Campos also addressed the company’s 2026 growth expectations discussed on the call, pointing to a more stable consumption backdrop, internal initiatives in Mexico across Betterware and Jafra, continued improvement at Jafra U.S., and incremental contributions from expansion efforts in Ecuador and Colombia. On profitability, management reiterated an EBITDA margin framework of 19% or above at the group level, noting potential investments and factors such as work related to the Tupperware transaction.

Campos concluded that 2025 underscored the resilience of BeFra’s platform, citing strengthened profitability after a difficult start to the year, strong cash flow generation, reduced leverage, progress in regional expansion and digital transformation, and preparations to add a new brand in 2026.

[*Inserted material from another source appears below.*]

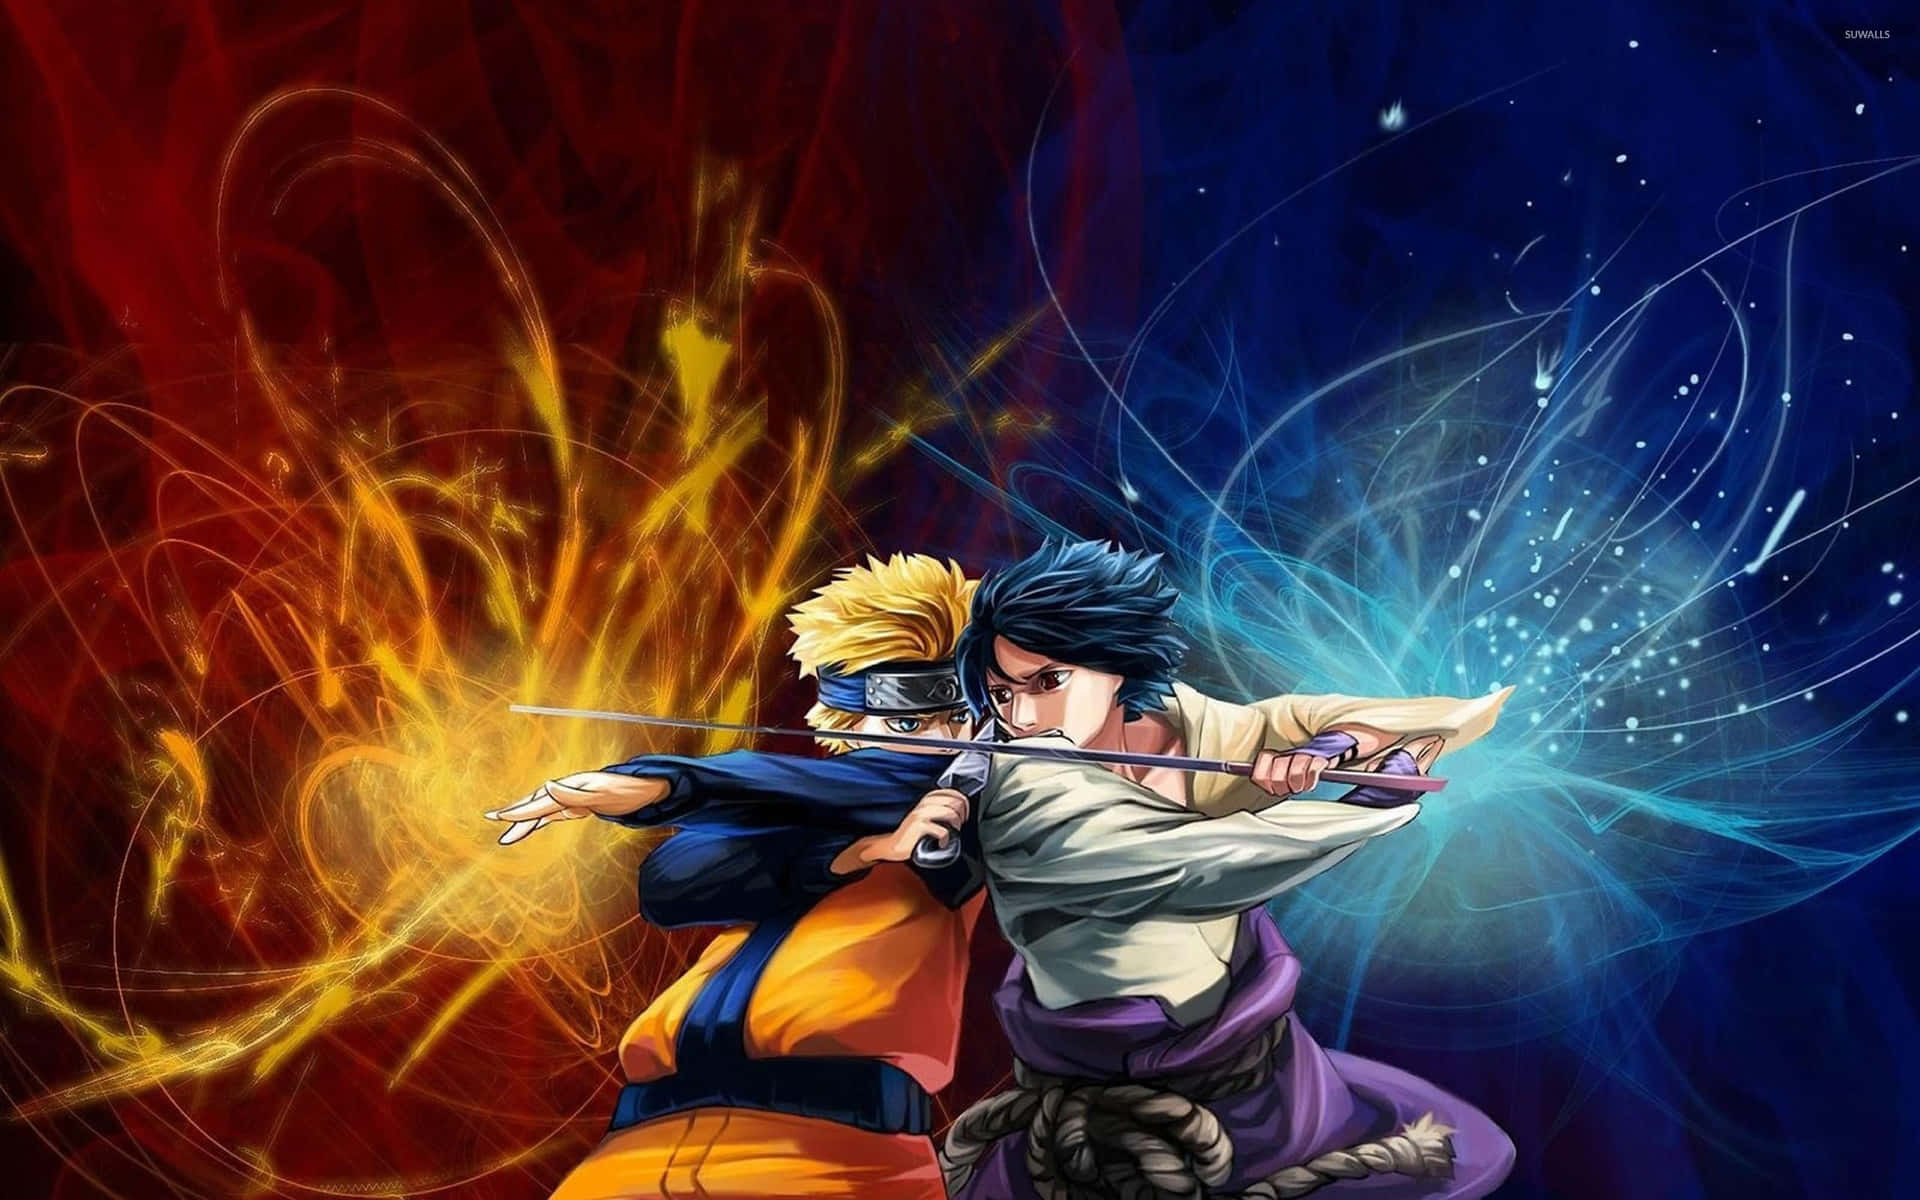 Nyd en intens kamp som Naruto i den spændende verden af Naruto Neon. Wallpaper
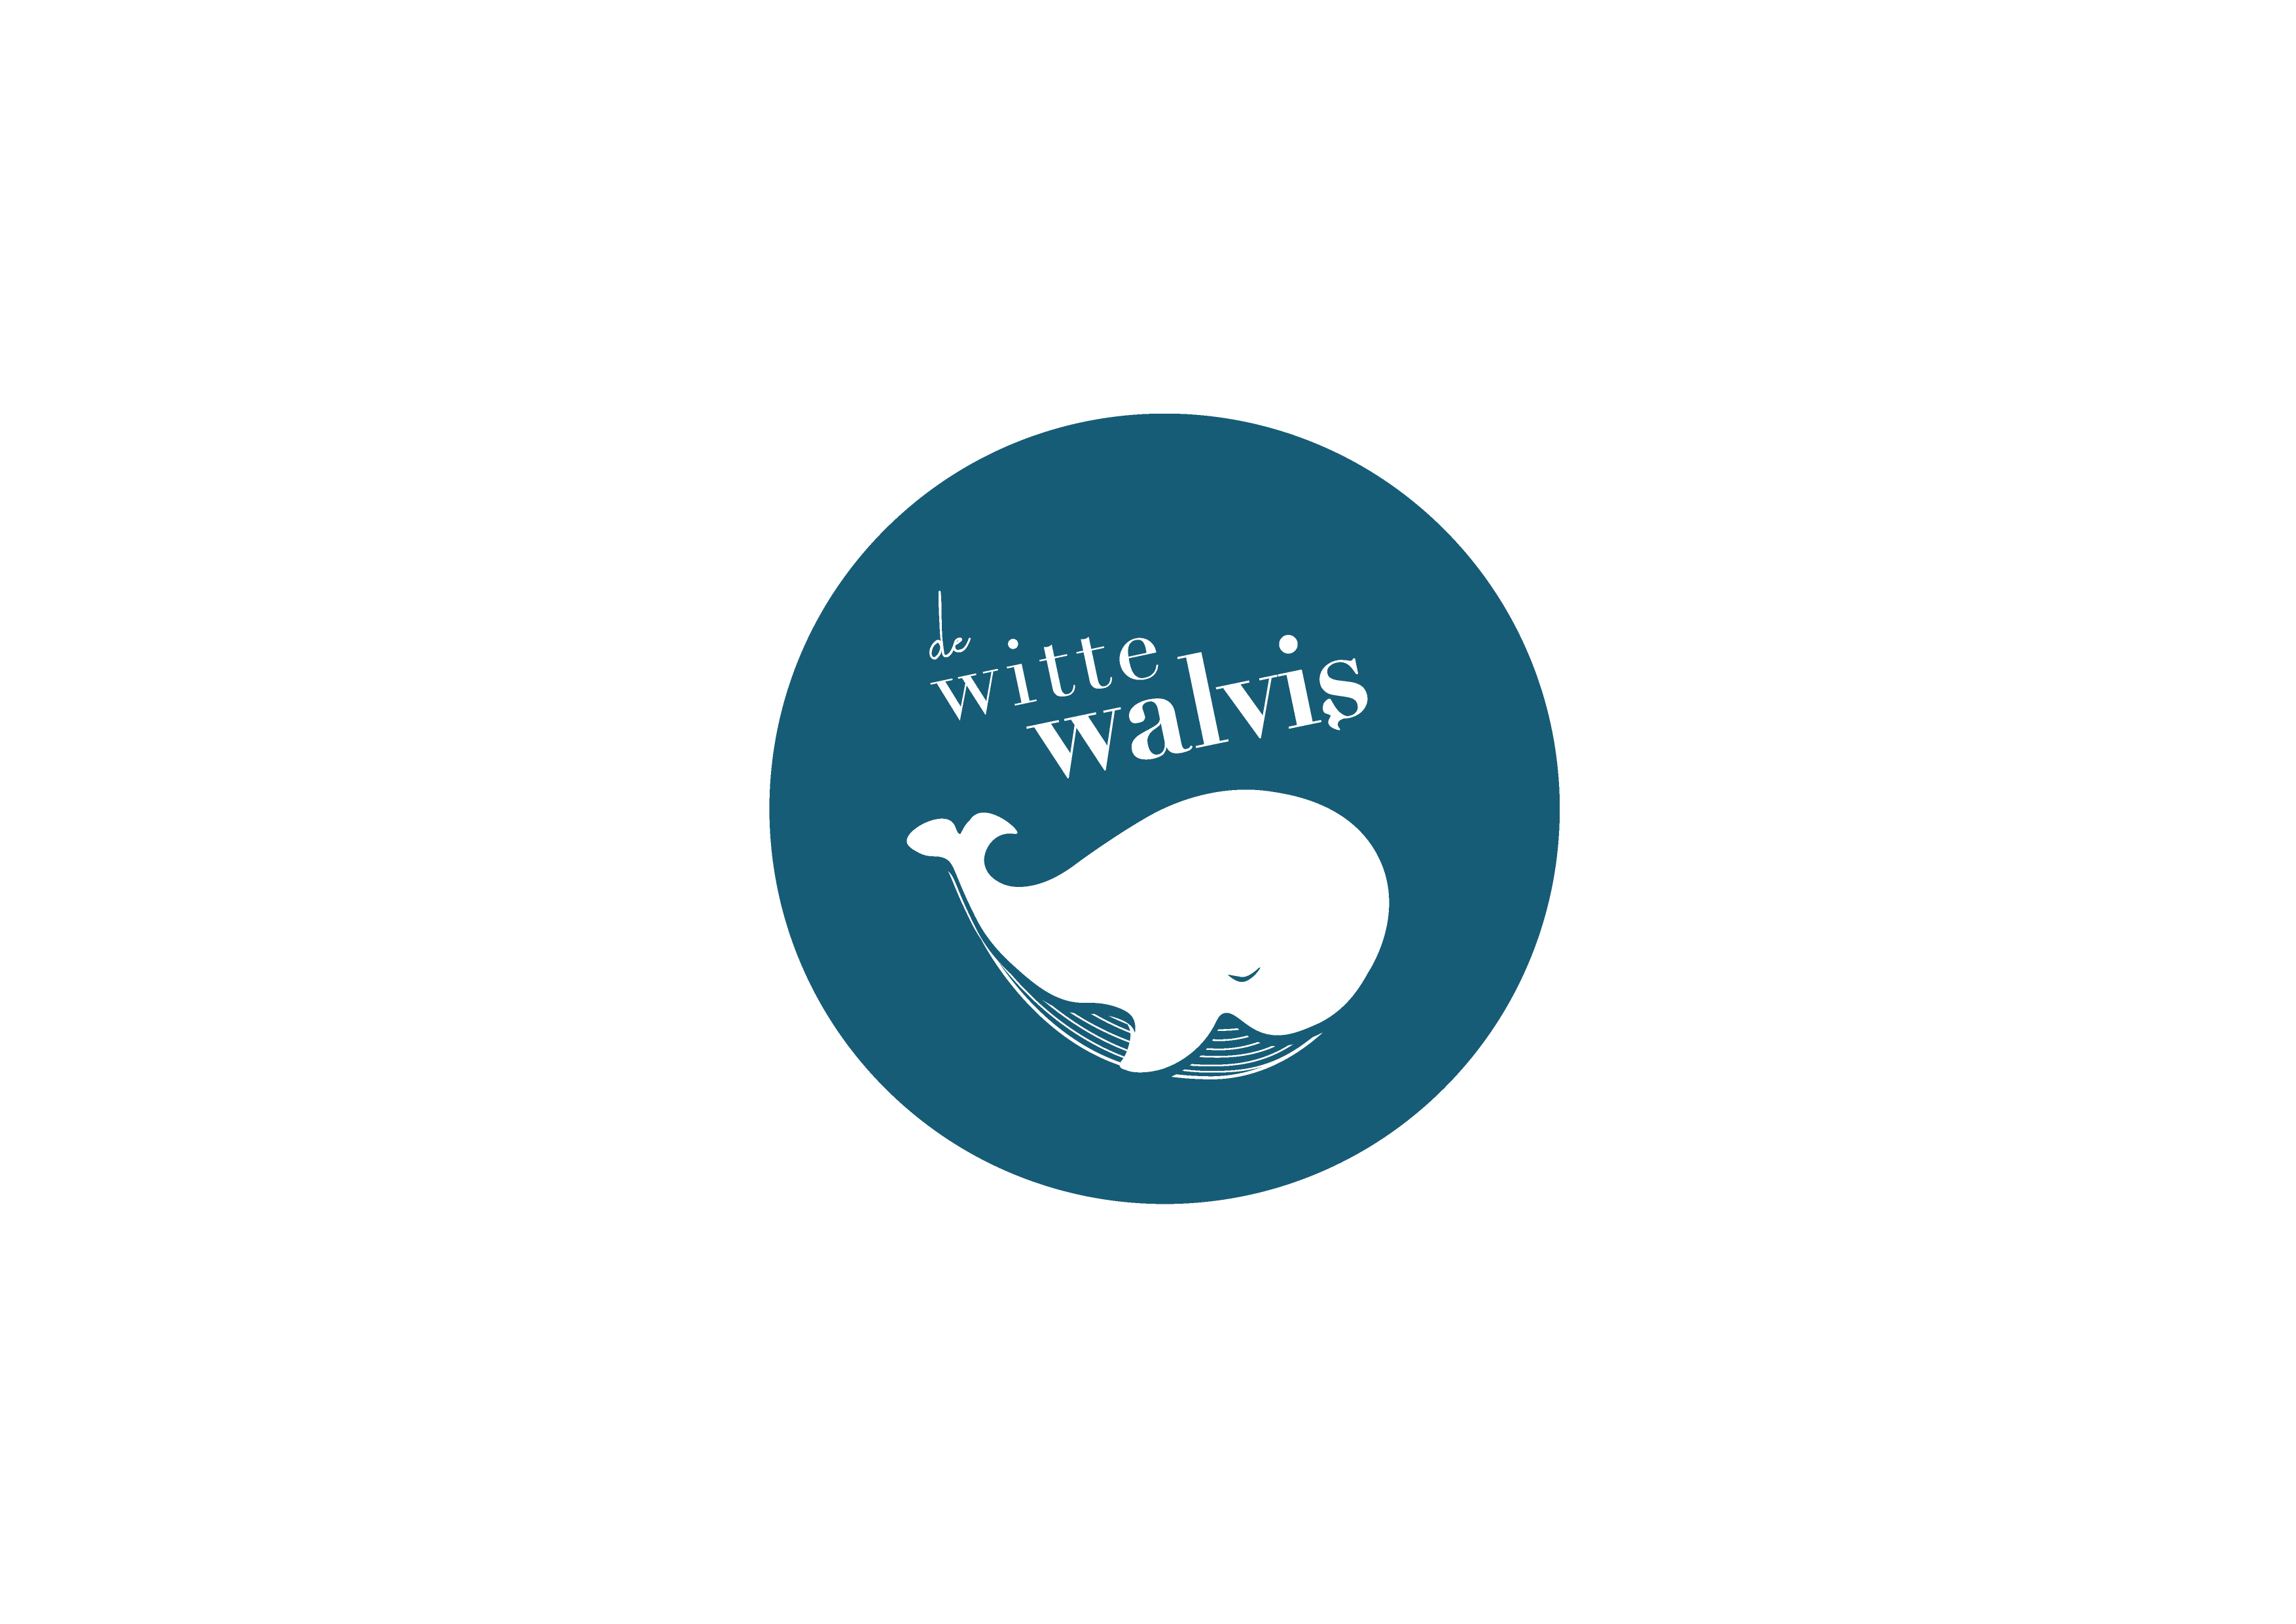 Ba’ Biek BV/De Witte Walvis

About Betterware de Mexico SAPI de C (NYSE:BWMX)

Betterware de Mexico SAPI de C.V. is a Mexico City–based home solutions company that designs, sources and distributes a broad portfolio of organizational and household products. Through a direct-to-consumer model, Betterware offers storage and organization items, kitchenware, cleaning tools, personal care accessories and pet care products. The company leverages both digital channels and a catalog-driven distribution network to reach end customers, pairing an e-commerce platform with an independent sales advisor network.

Founded in 1995, Betterware has built a multi-channel sales infrastructure that relies on regional distribution centers and a large community of independent representatives.